As the chart shows, after New York Fed President Bill Dudley spoke, the bond market sold off further. Stocks also rallied on this news. There were two main points made by Dudley. The first was that the US should pull back some of the Dodd-Frank regulations. This point doesn’t matter much because the Trump administration is already attempting to do that. It shows how Fed members can alter their tone to fit with the political momentum of the day.

chart 1

The next point was about the Fed’s balance sheet. As I mentioned in my article describing the Fed’s Minutes, the Fed needs to clarify its perspective. The market doesn’t like jumbled language. The market doesn’t like tightening at all, but at the least it likes the guidance to be clear. Dudley clarified the Fed’s statement in a way that leaned dovishly which is exactly what I was looking for. The two dovish points were that the slowing of the bond purchases would be gradual and that the interest rate hikes would be paused during the unwind. That second point is new dovish language. The Fed’s new guidance looks to be a six-month delay in rate hikes after the unwind starts, meaning we should expect one to two rate hikes in 2018.

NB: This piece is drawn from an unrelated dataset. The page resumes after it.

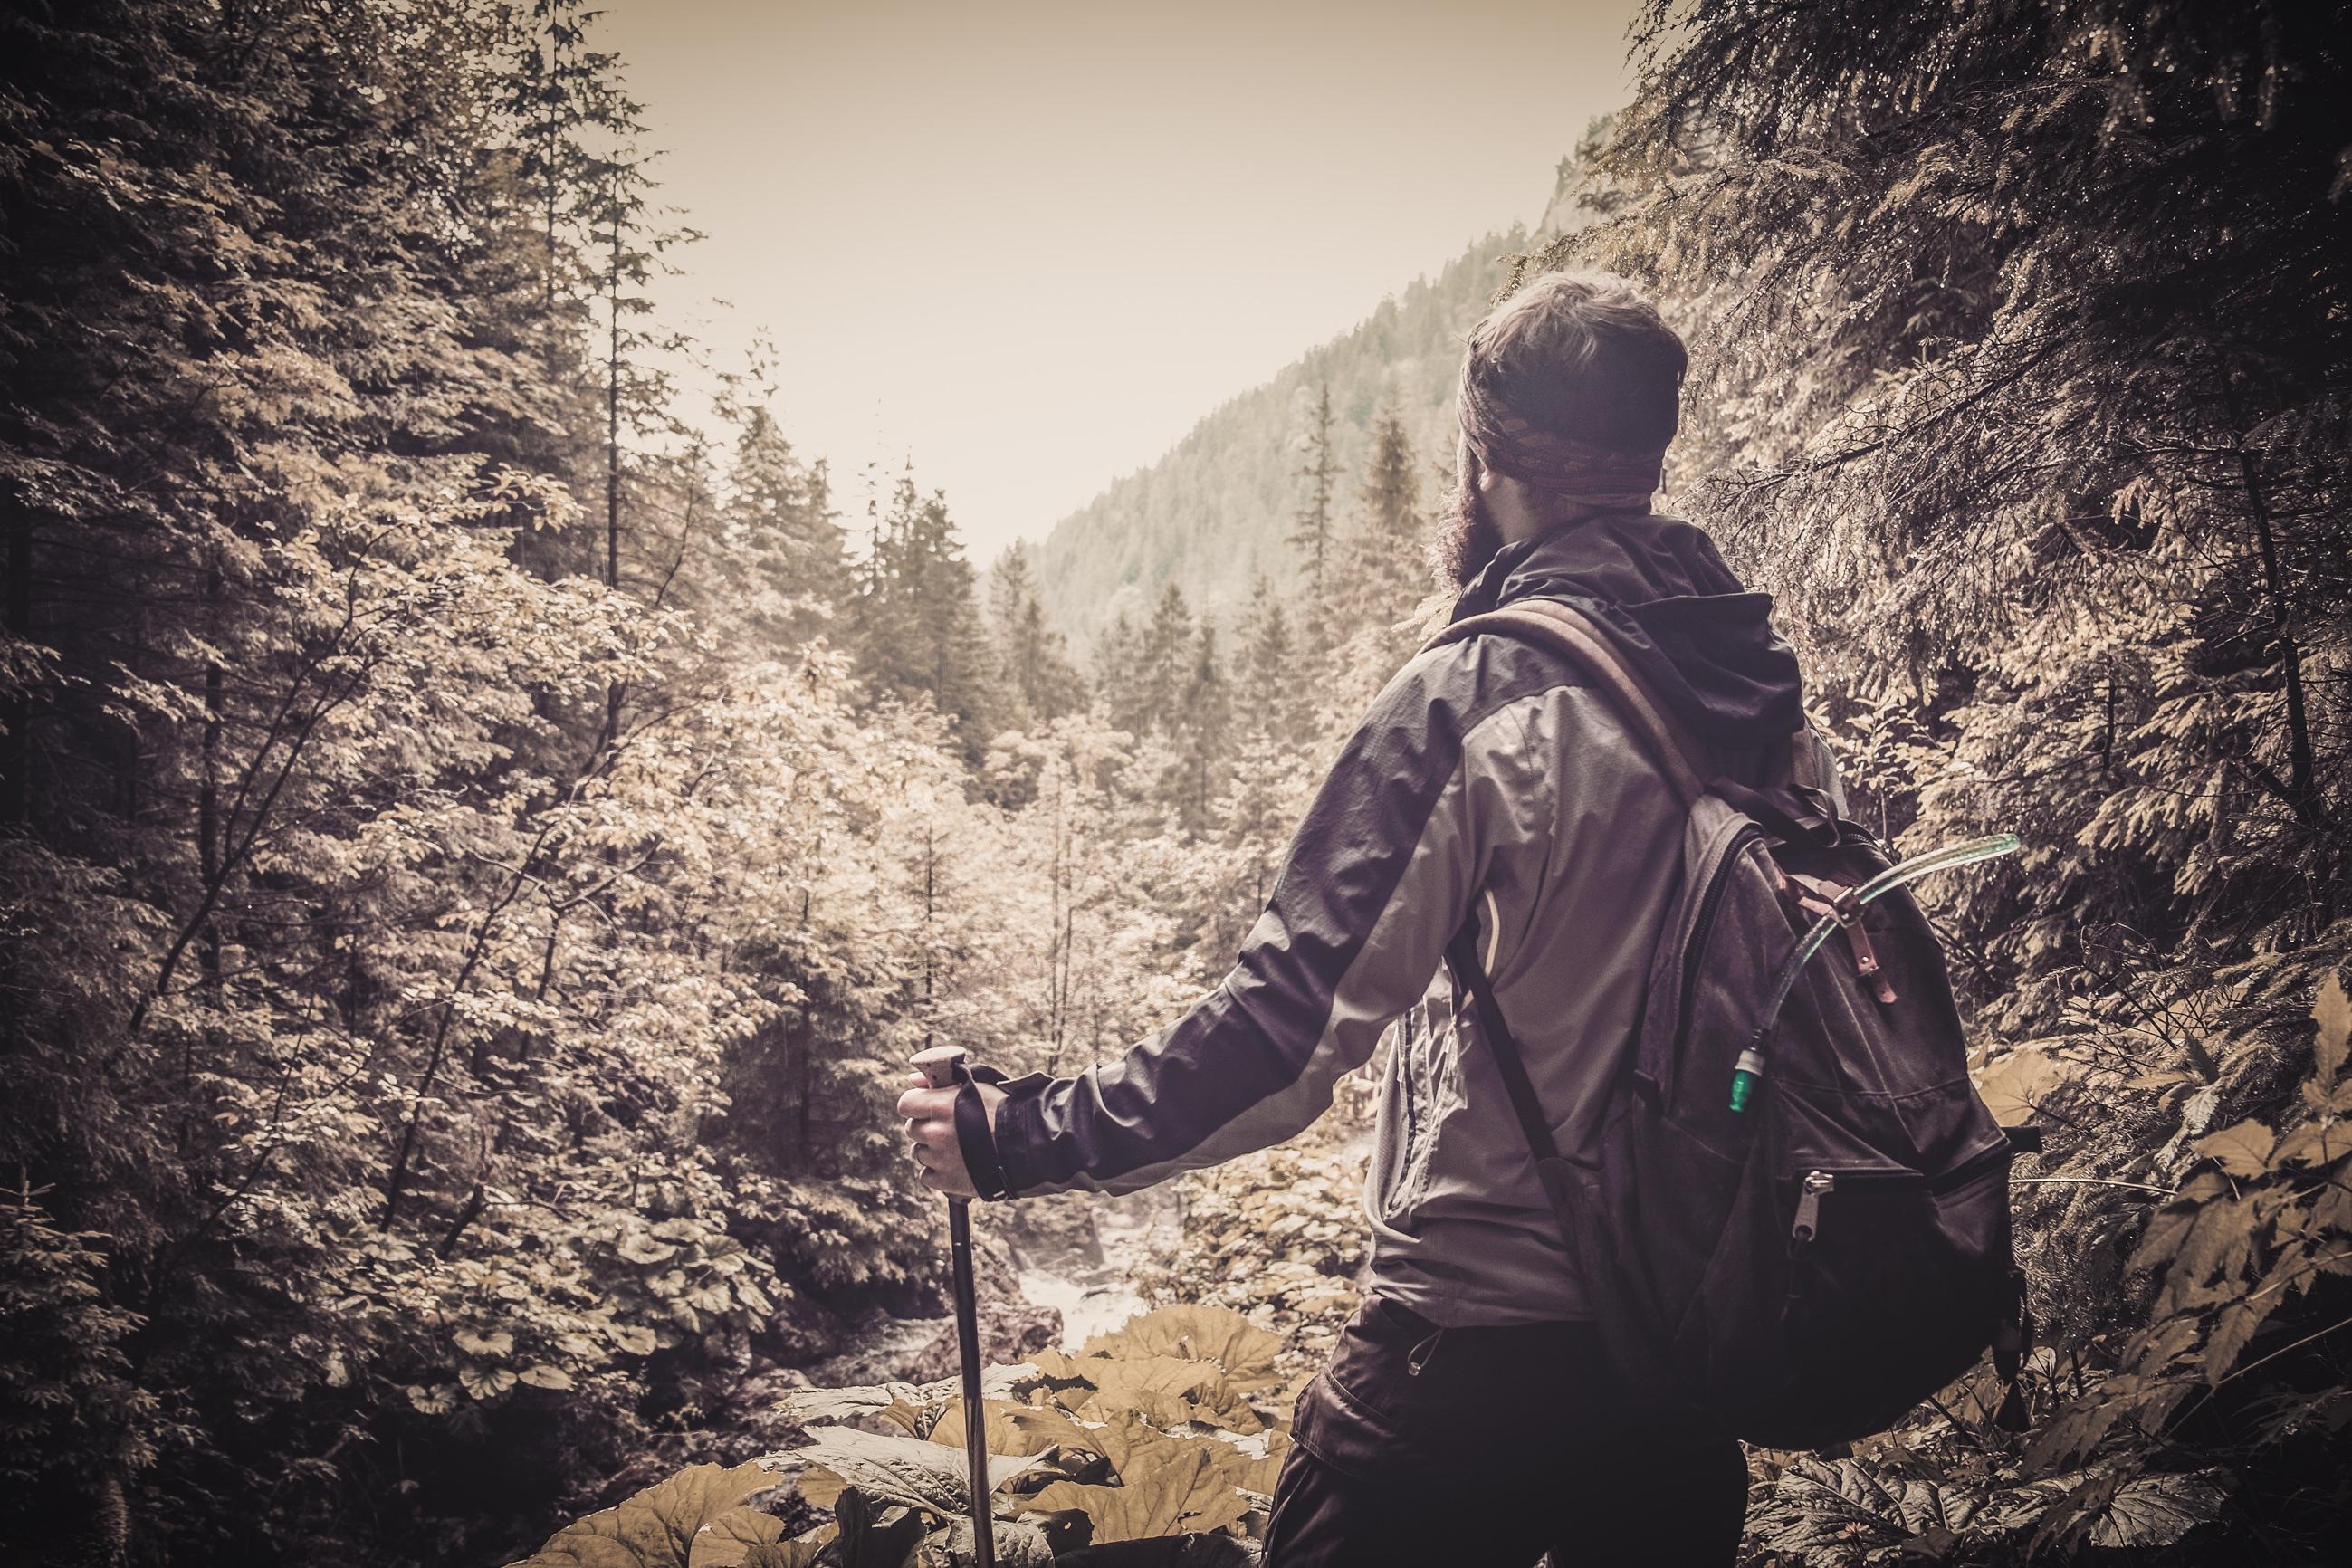 What Types Of Pilgrims Exist On The Camino De Santiago

That was a description of the latest wrinkle in monetary policy. Getting back to the jobs report, the headline number showed 98,000 jobs created which was a big miss from the 180,000 expected. Making things worse, the prior two months were revised lower by a combined 38,000 jobs. The reasons I initially expected a weak report ended up bearing fruit as the winter storm and weakness in retail hiring were the main reasons why it missed expectations. I then altered my expectations higher because of the strong ADP report. Usually they are reasonably close, but sometimes they aren’t.

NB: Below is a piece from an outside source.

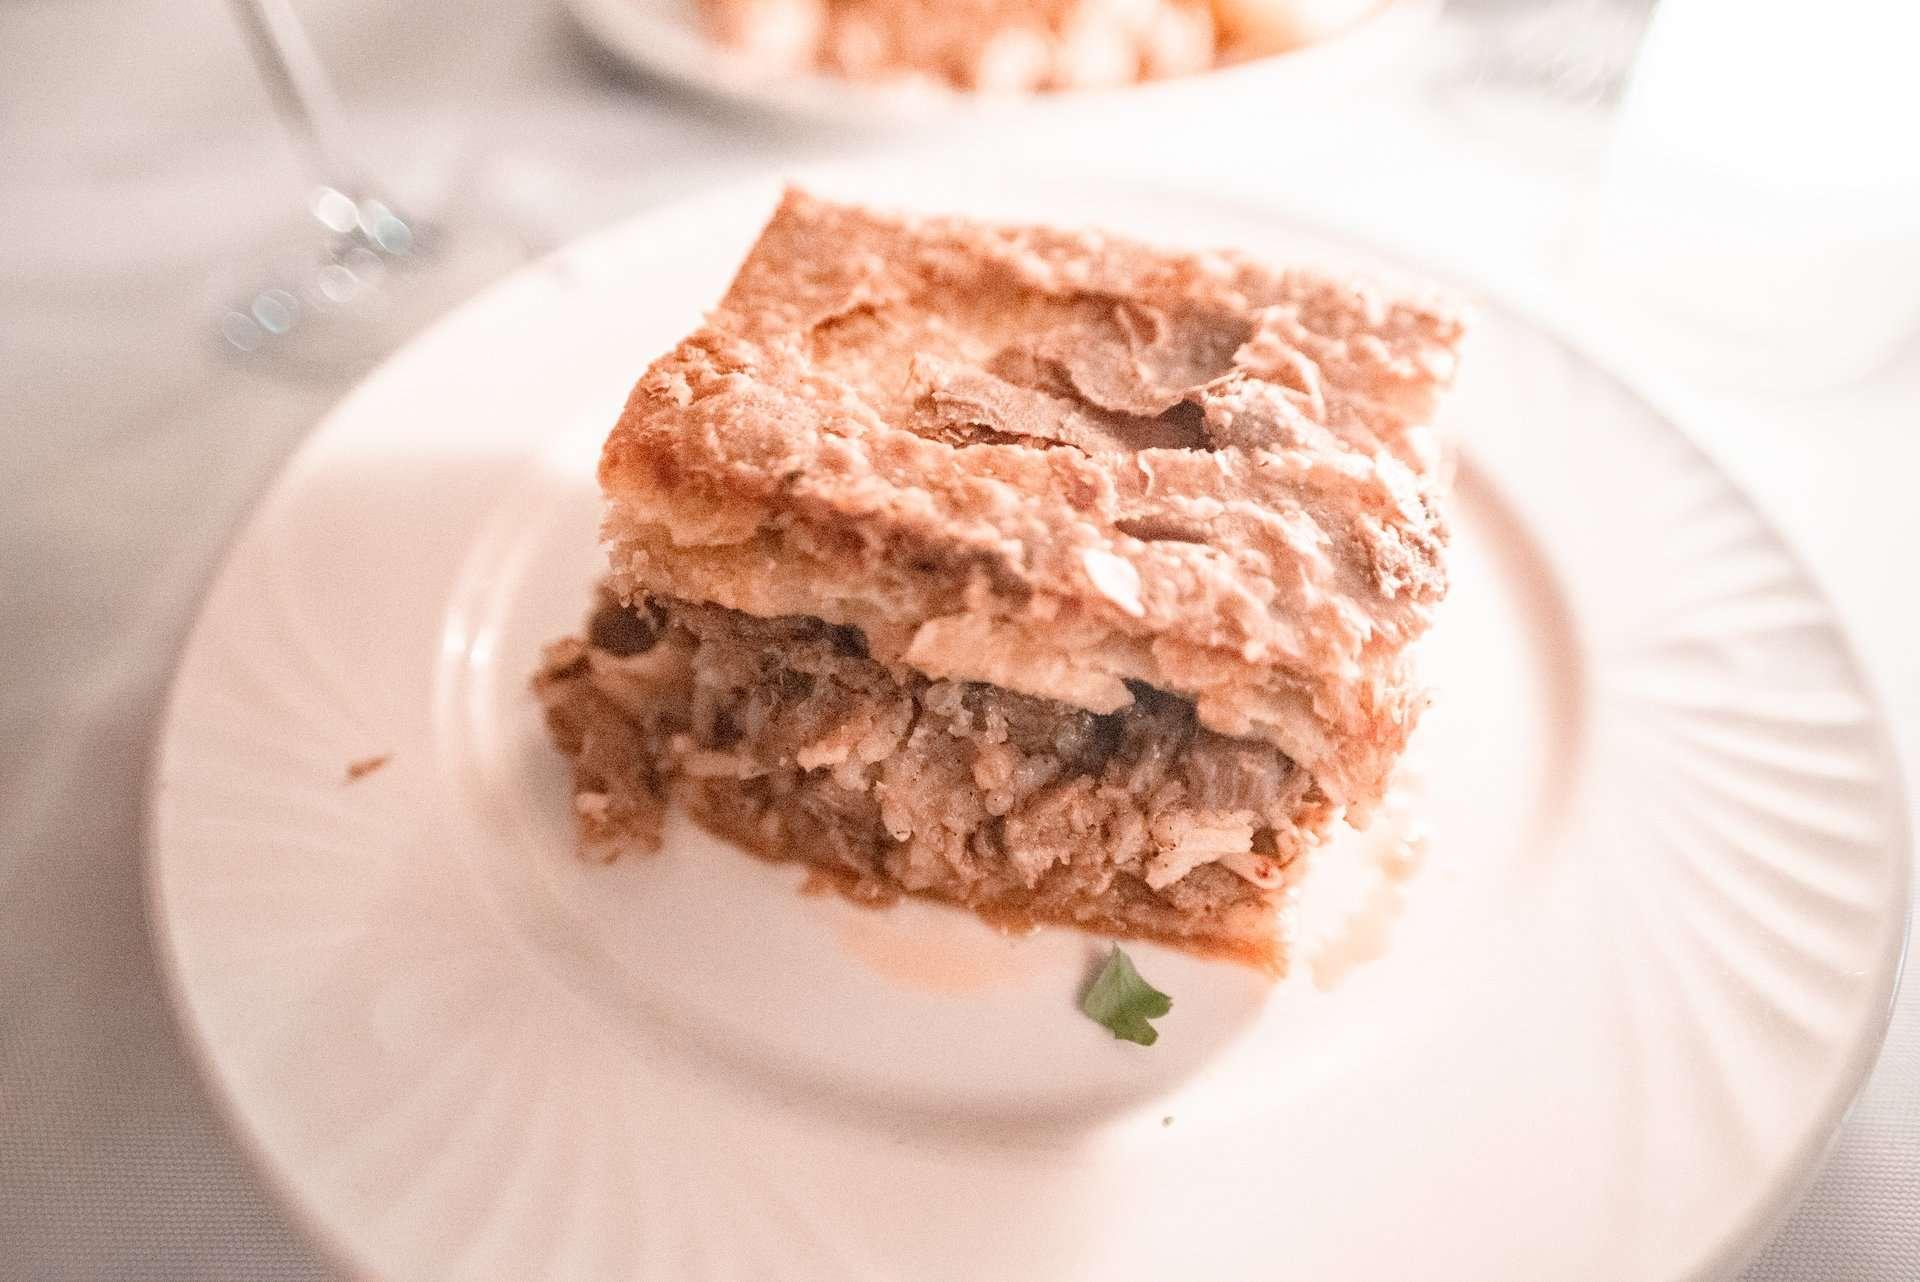 Kefalonian meat pie at Tassia Restaurant

The chart below breaks down the job gains and losses by industry. The retail industry shed about 30,000 jobs. Amazon (AMZN) is becoming a job killer as it takes market share away from traditional retailers. Part of this trend is being caused by low interest rates. Amazon stock is getting an expensive valuation because the market loves growth even if high profit margins don’t come with it. You can either make the case that the stock market bubble is helping to support the innovation firms like Amazon and Tesla (TSLA) provide or you can claim capital is being inefficiently distributed to bad ideas. The explanation for why momentum stocks doing well is an example of a bad idea is based on their low and sometimes negative profit margins. The other aspect of the decline in retail is simply because of the change in consumer spending habits.

chart 2

In my article describing the non-manufacturing ISM report, I mentioned that some construction projects slowed. We saw this play out in the BLS report because of the bad weather. I didn’t realize the statement made in the ISM report about weak growth may have been related to the weather as no reason was given. The weather is likely partially responsible for why the ISM report missed expectations.  

The one positive aspect of this report was that the unemployment rate fell from 4.7% to 4.5%. This is weird because the labor participation rate was steady and the headline number was weak. I don’t focus on the unemployment rate since the rate isn’t accurate anyway. If it was accurate, there would be much more wage growth than has been experienced.
Heading into the report, I expected wage growth to beat expectations because of the tightening labor market and the great ADP report. Even though the BLS report wasn’t in tune with the ADP report, wage growth was able to meet the expectations for 2.7% year over year growth and 0.2% month over month growth.

Conclusion

Before the winter storm arrived, I mentioned that it would cause the March data to be in flux as I was able to mix amateur meteorology skills with economic analysis. Besides Dudley’s statement, the other reason why the market rallied off the lows was because the bulls wrote off the bad report because of the bad weather. The bulls probably would have written off the bad report anyway because it isn’t consistent with the trend of growth in the labor market. That may be a fair assessment, but at some point soon bad labor reports will be the norm.